PROVIDED MATERIAL:

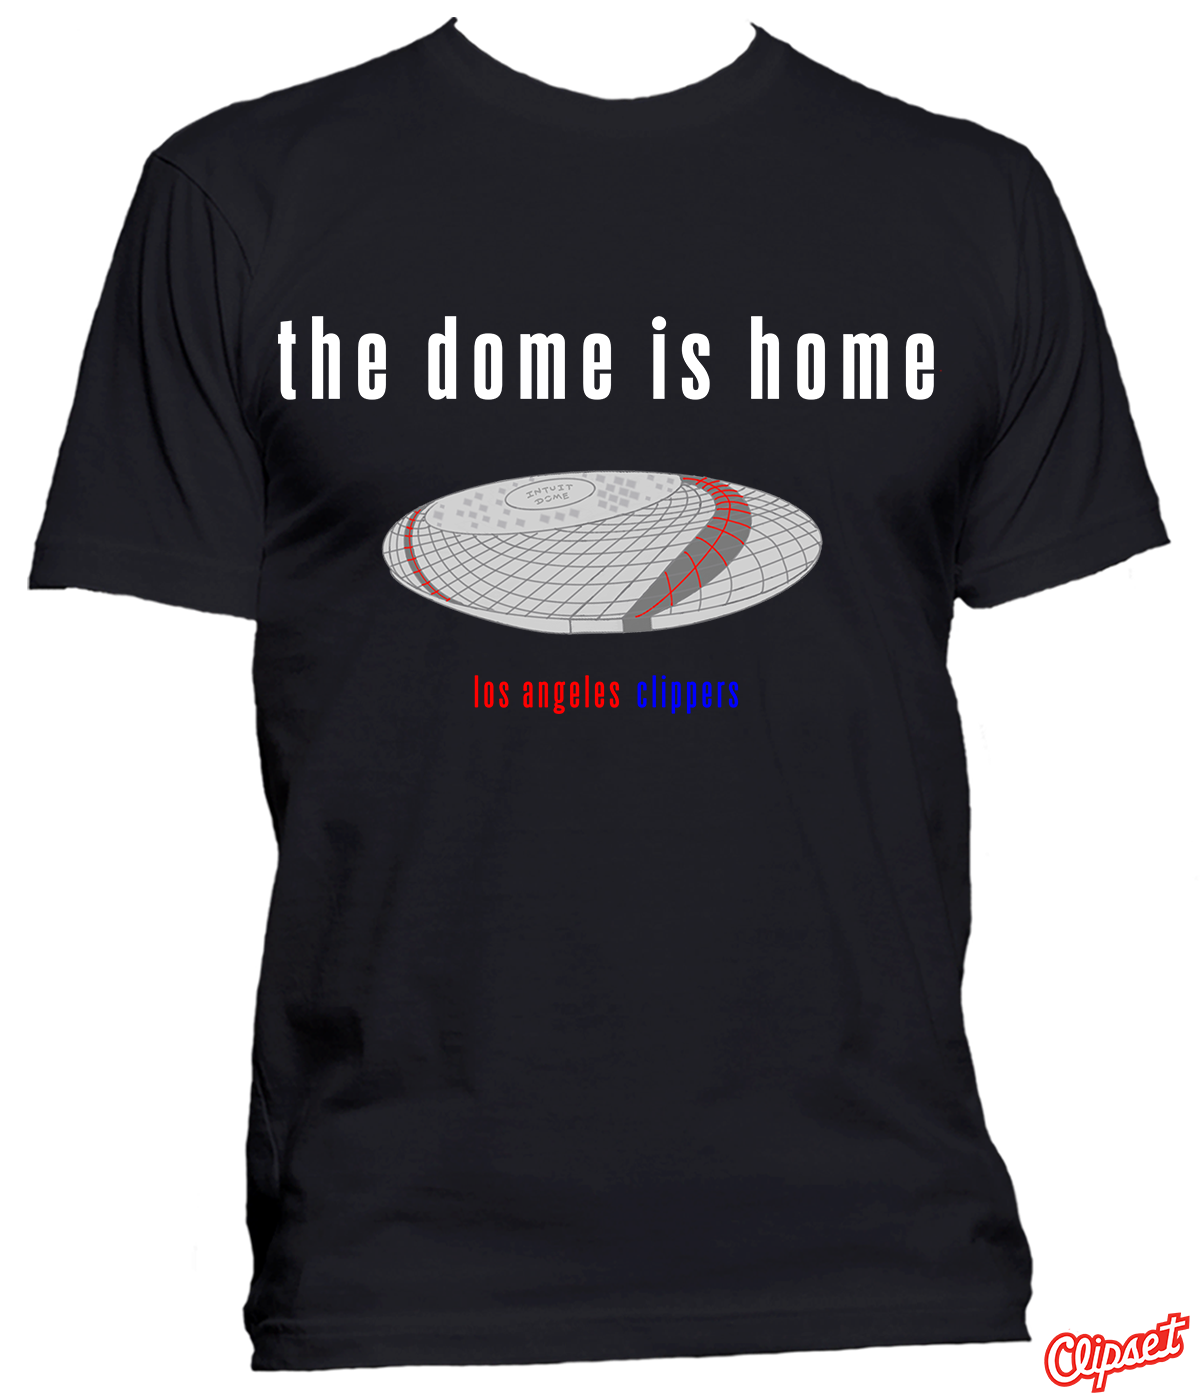 The Dome is Home Tee
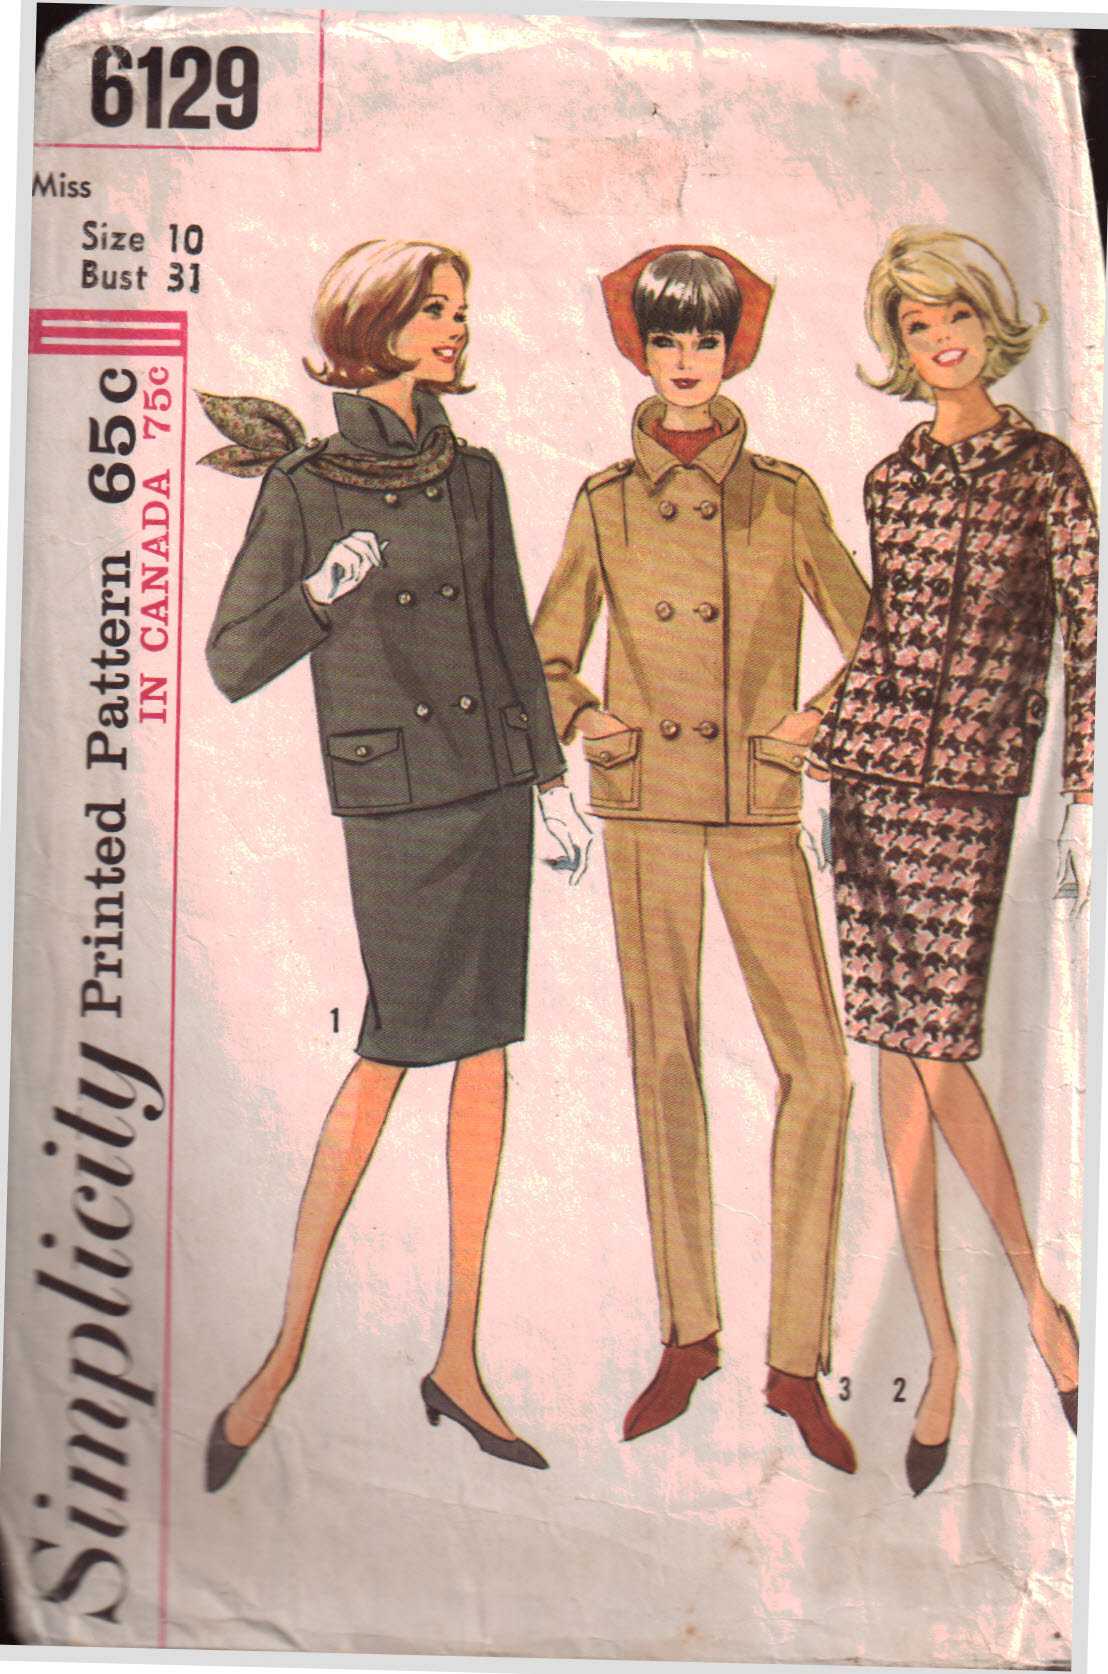 Amazon.com: New Look Ladies Sewing Pattern 6035 Jackets, Tops, Skirt & Trouser  Suit : Arts, Crafts & Sewing
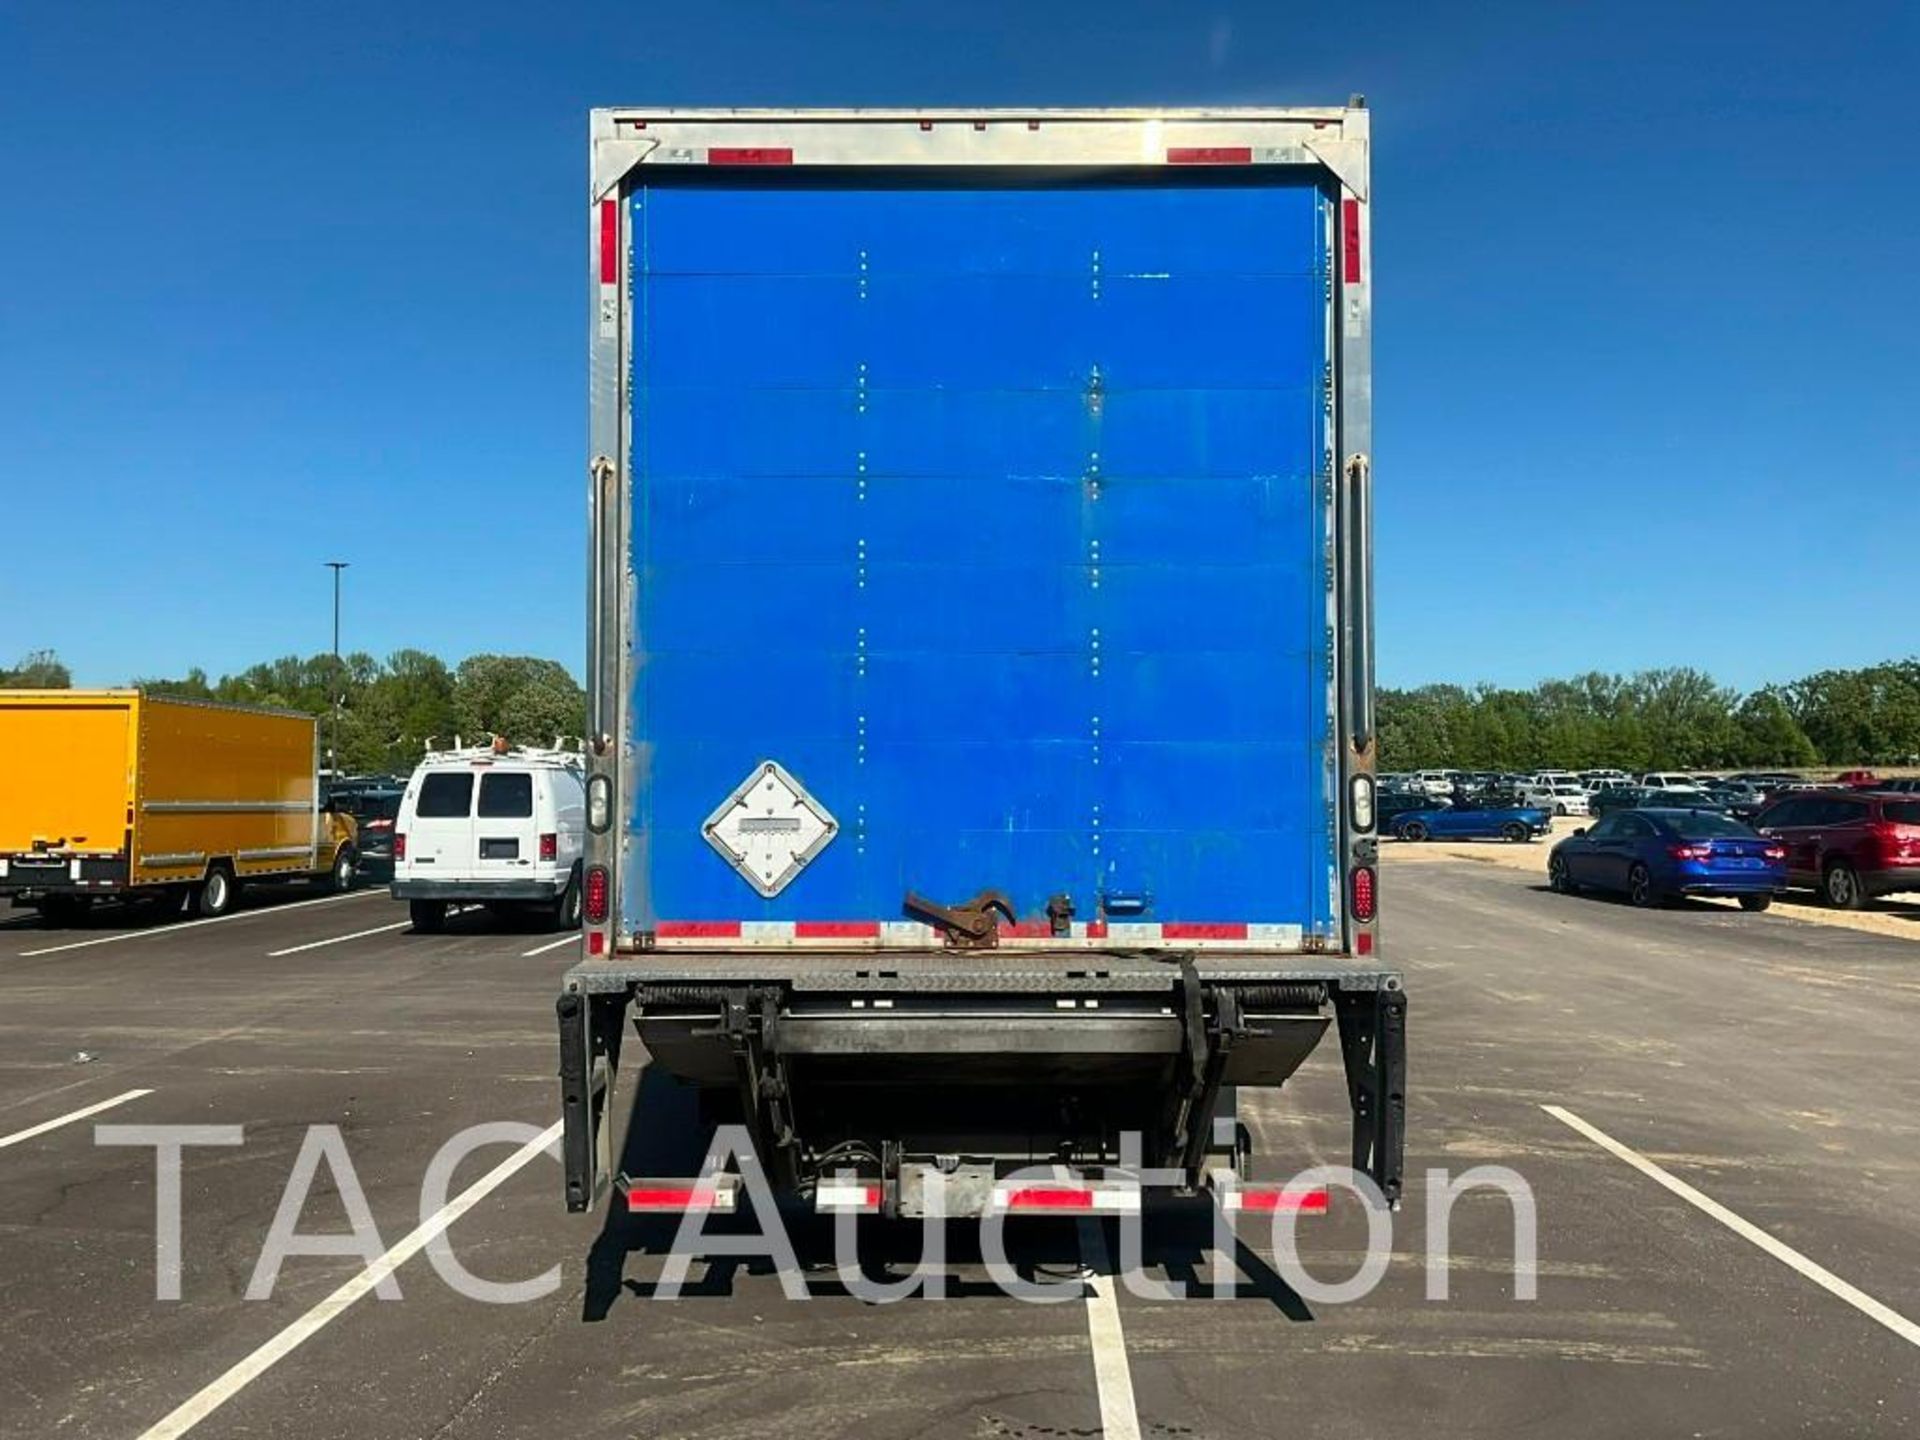 2018 Freightliner M2 Business Class 26ft Box Truck - Image 6 of 54
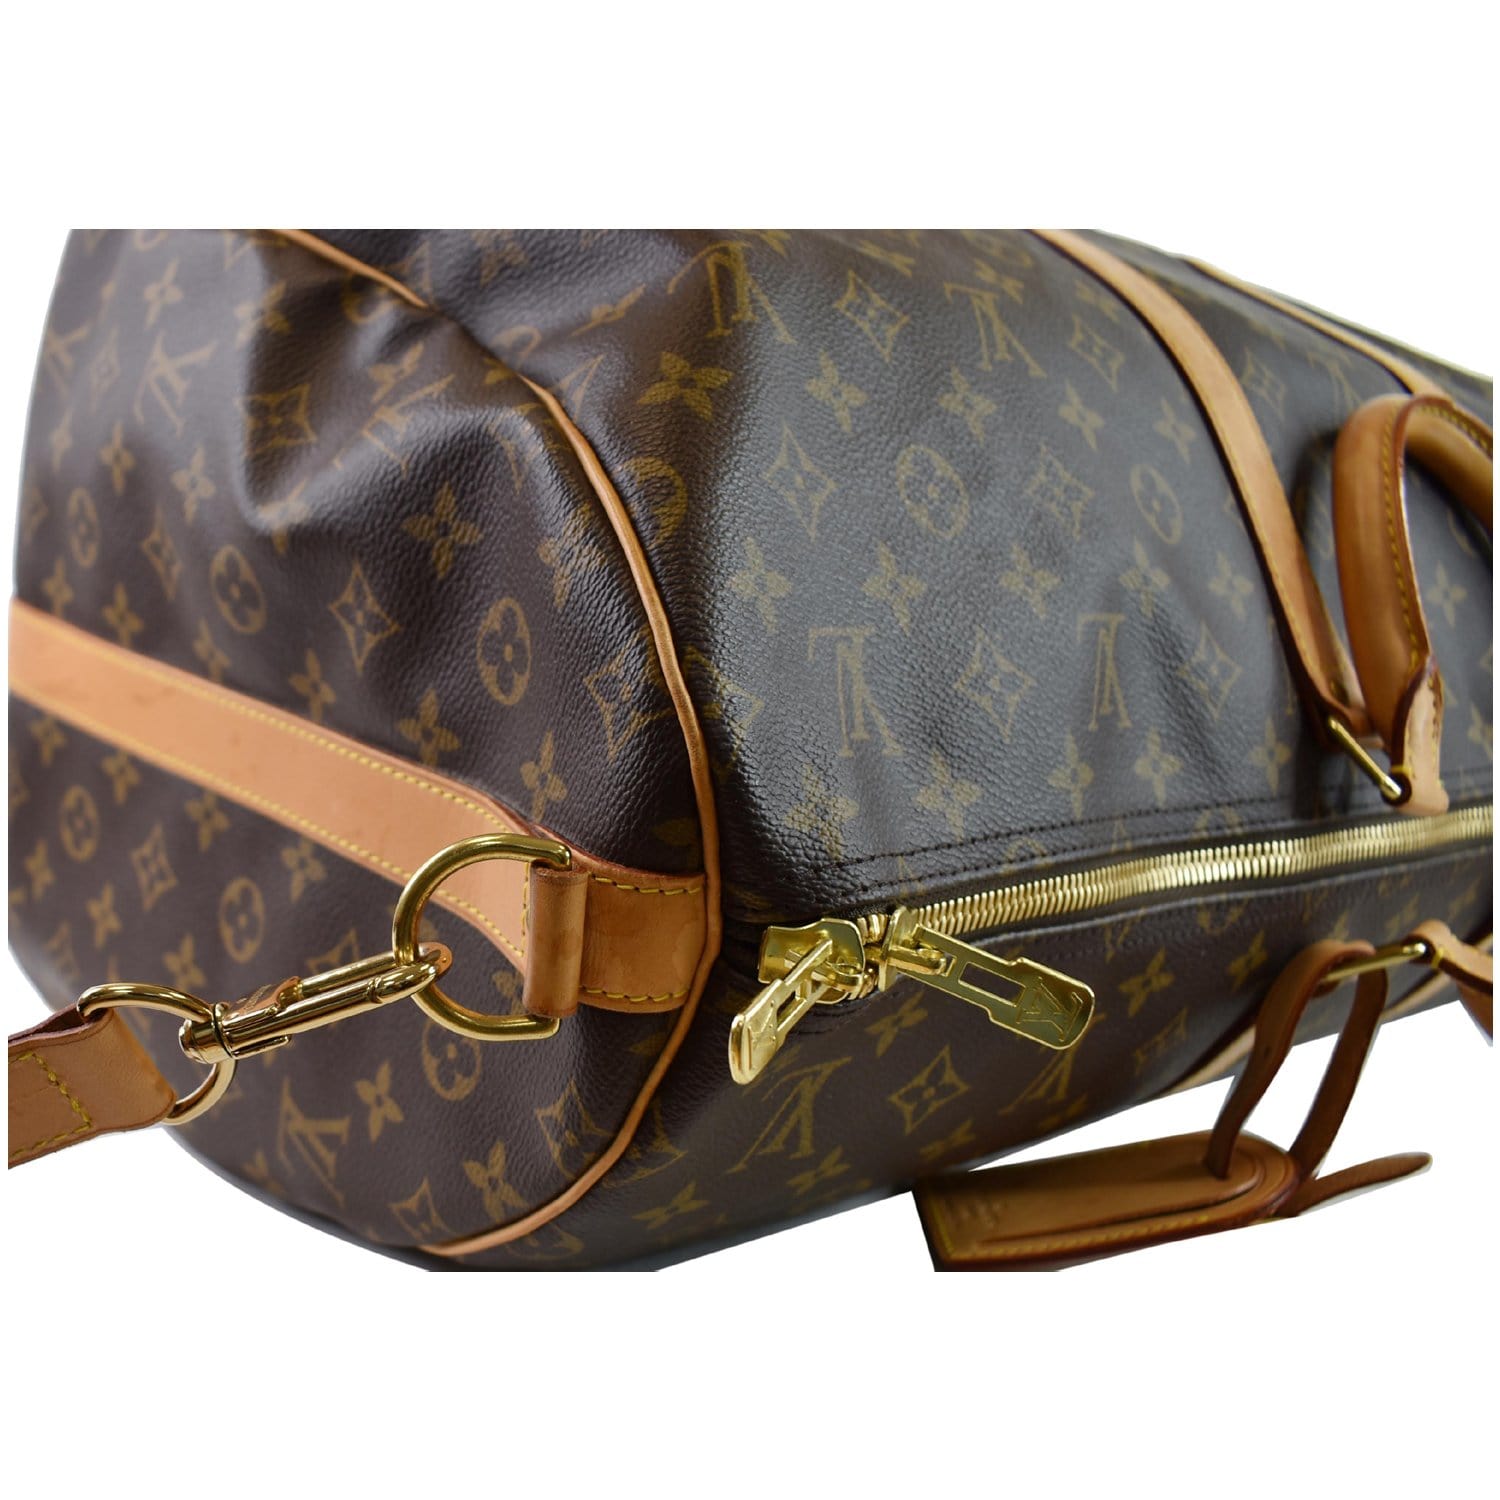 LOUIS VUITTON Brown Monogram Canvas Keepall Luggage Bag 55 For

PROBLEM DESCRIPTION:
From the first line to the last, please copy the data exactly, with the pictures left out.

PROBLEM SOLUTION:
 The Dome is Home Tee
 Amazon.com: New Look Ladies Sewing Pattern 6035 Jackets, Tops, Skirt & Trouser  Suit : Arts, Crafts & Sewing
 2018 Freightliner M2 Business Class 26ft Box Truck - Image 6 of 54
 LOUIS VUITTON Brown Monogram Canvas Keepall Luggage Bag 55 For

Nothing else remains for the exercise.